WASHINGTON—Credit unions, other financial service providers, consumer groups, Congress and others have now gotten their first insights into the priorities of new CFPB Director Rohit Chopra, who testified twice before Congress this week.
Chopra appeared before both committees in both the House and Senate during hearings conducted as part of the semi-annual review of the CFPB.
Much of his testimony was not a surprise, as the CFPB has sent a number of signals on its future direction under the Biden administration, and Chopra limited much of his testimony to three main themes.
In an announcement certain to be welcome by credit unions, Chopra expressed his desire to focus his oversight on the largest, nationwide offenders as opposed to smaller institutions.
Three Priorities
Of note, Chopra's three main priorities include:
- A focus on increasing competition in consumer financial markets, specifically in the mortgage refinance market
- An increase in scrutiny of repeat-offender companies
- A search for ways to “restore relationship banking in an era of big data.”
Other Issues Raised
During the hearings, lawmakers raised several issues that affect credit unions, including:
- UDAAP: The CFPB in March rescinded its policy statement related to the "abusive" prong of the unfair, deceptive, or abusive acts or practices (UDAAP) provision.
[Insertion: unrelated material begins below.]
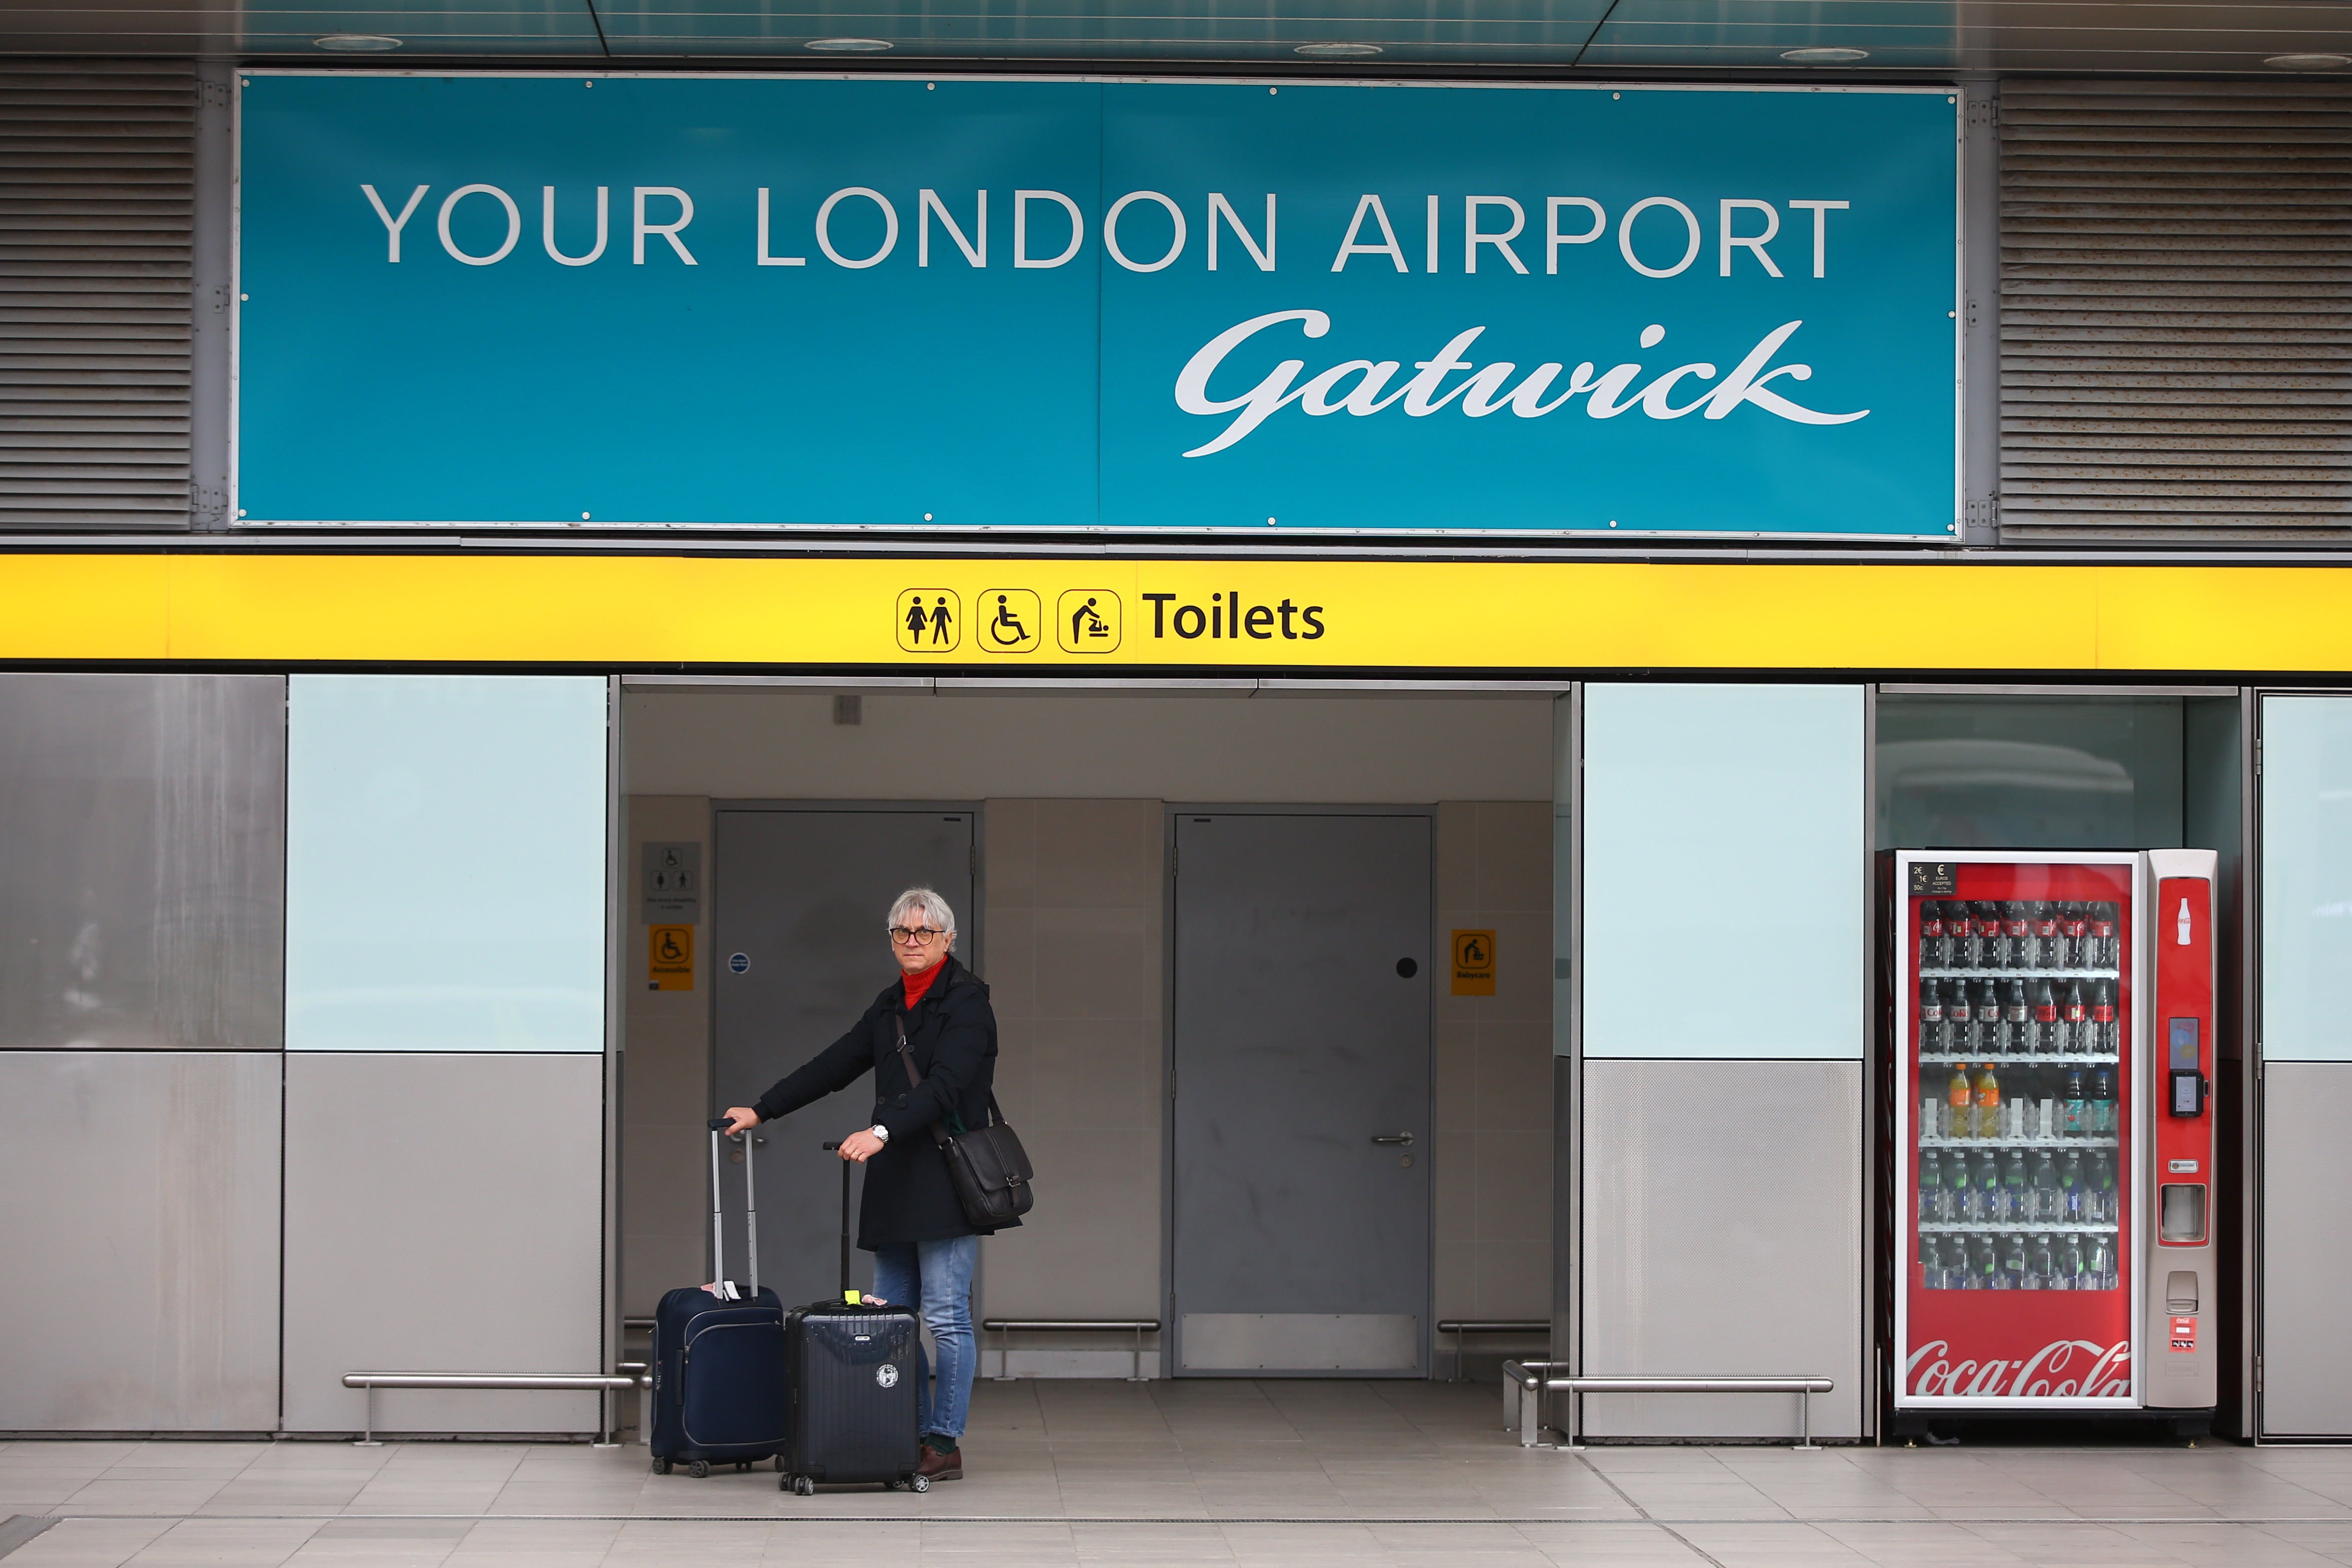 Gatwick has imposed a cap of 800 movements (arrivals and departures) per day

The statement was issued in January 2020. During the hearing, Chopra explained his desire to create a strong jurisprudence on the subject.
- Qualified Mortgage: Chopra was asked whether the CFPB has seen an uptick in concerns since the extension of the qualified mortgage (QM) patch, to which he responded that the economic uncertainty and housing market boom has not been normal, and it is hard to say how it has worked so far. The Bureau in April issued a final rule to delay the mandatory compliance date of its general QM rule to Oct. 1, 2022.
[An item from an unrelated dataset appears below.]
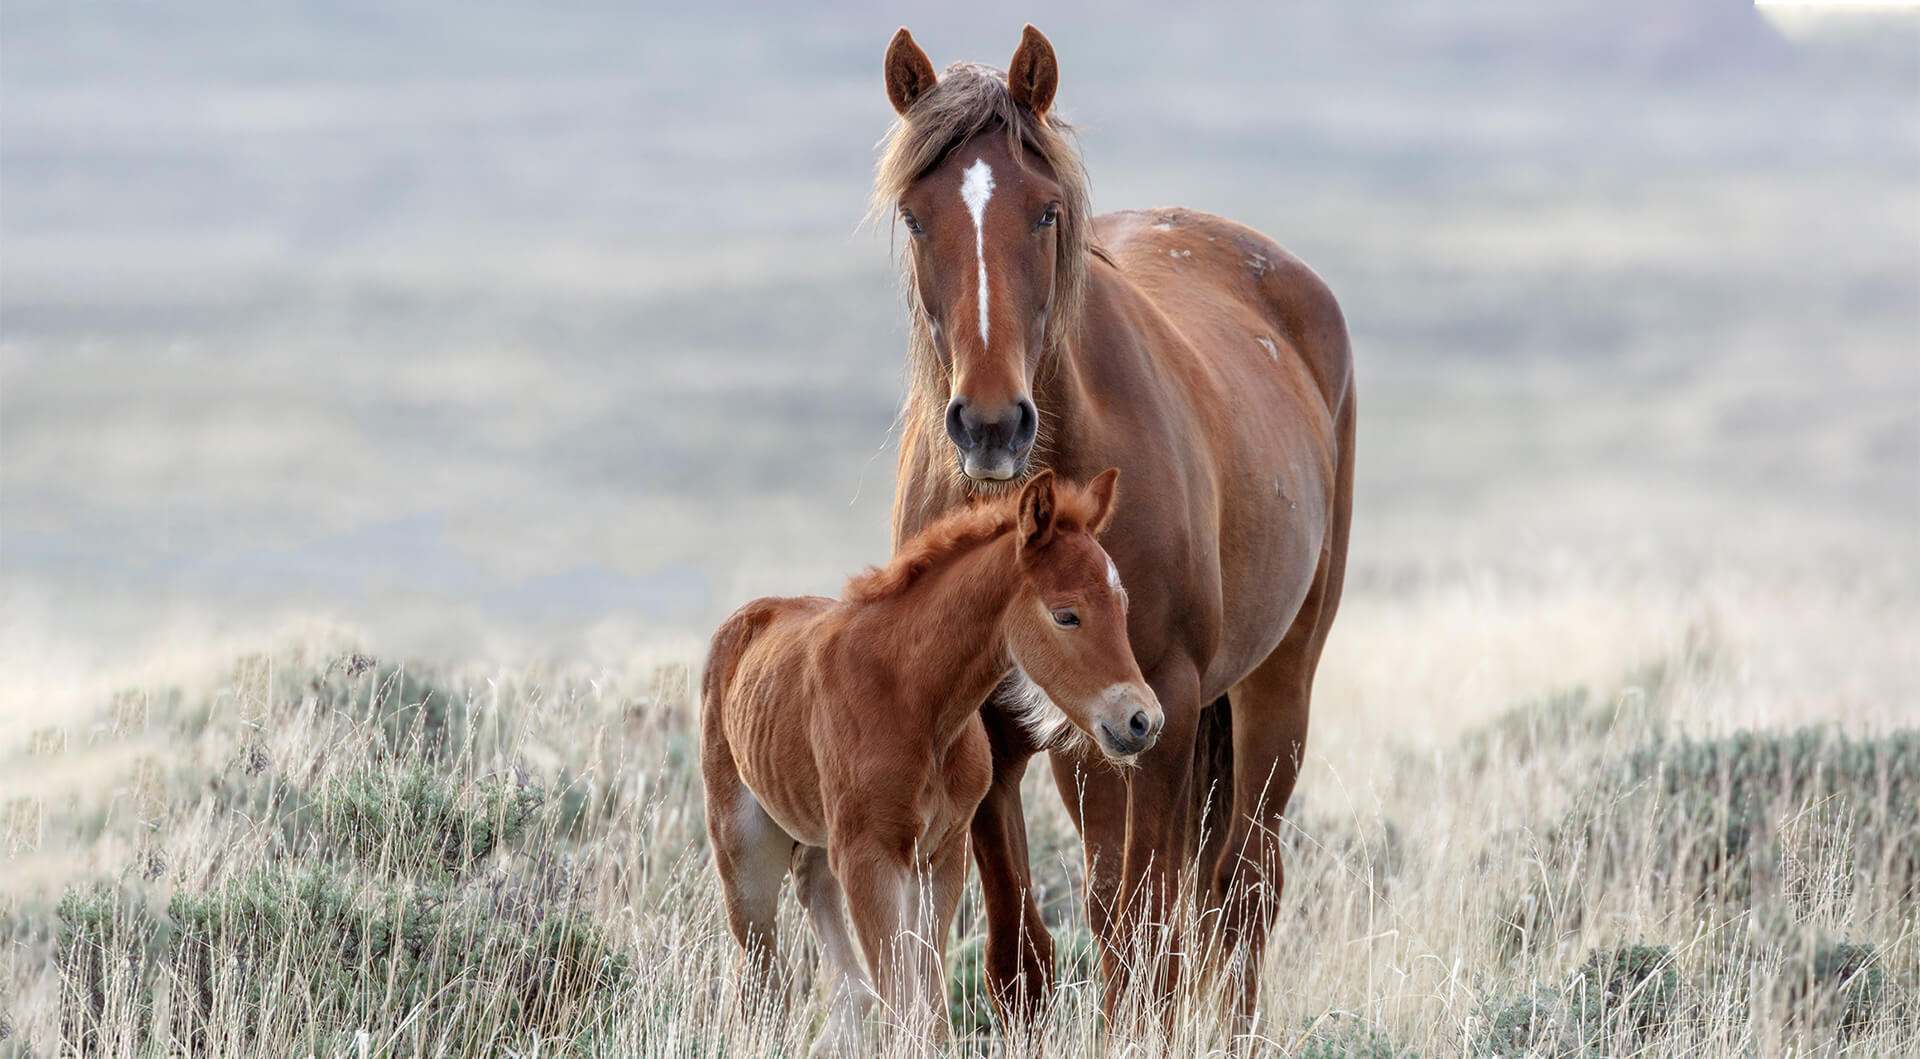 Wild horse with young horse

- CFPB structure: Many committee members raised concerns with the Bureau's single-director structure. Last year, the Supreme Court found that the Bureau's "leadership by a single individual removable only for inefficiency, neglect, or malfeasance violates the separation of powers." Both credit union trade groups have expressed support for changing the leadership structure to a five-person commission.
- Payday lending: When asked about whether or not he would go beyond restoring the 2017 rule cracking down on payday lenders, Chopra did not address the rule specifically and only stated the Bureau will “monitor consumer financial markets carefully.”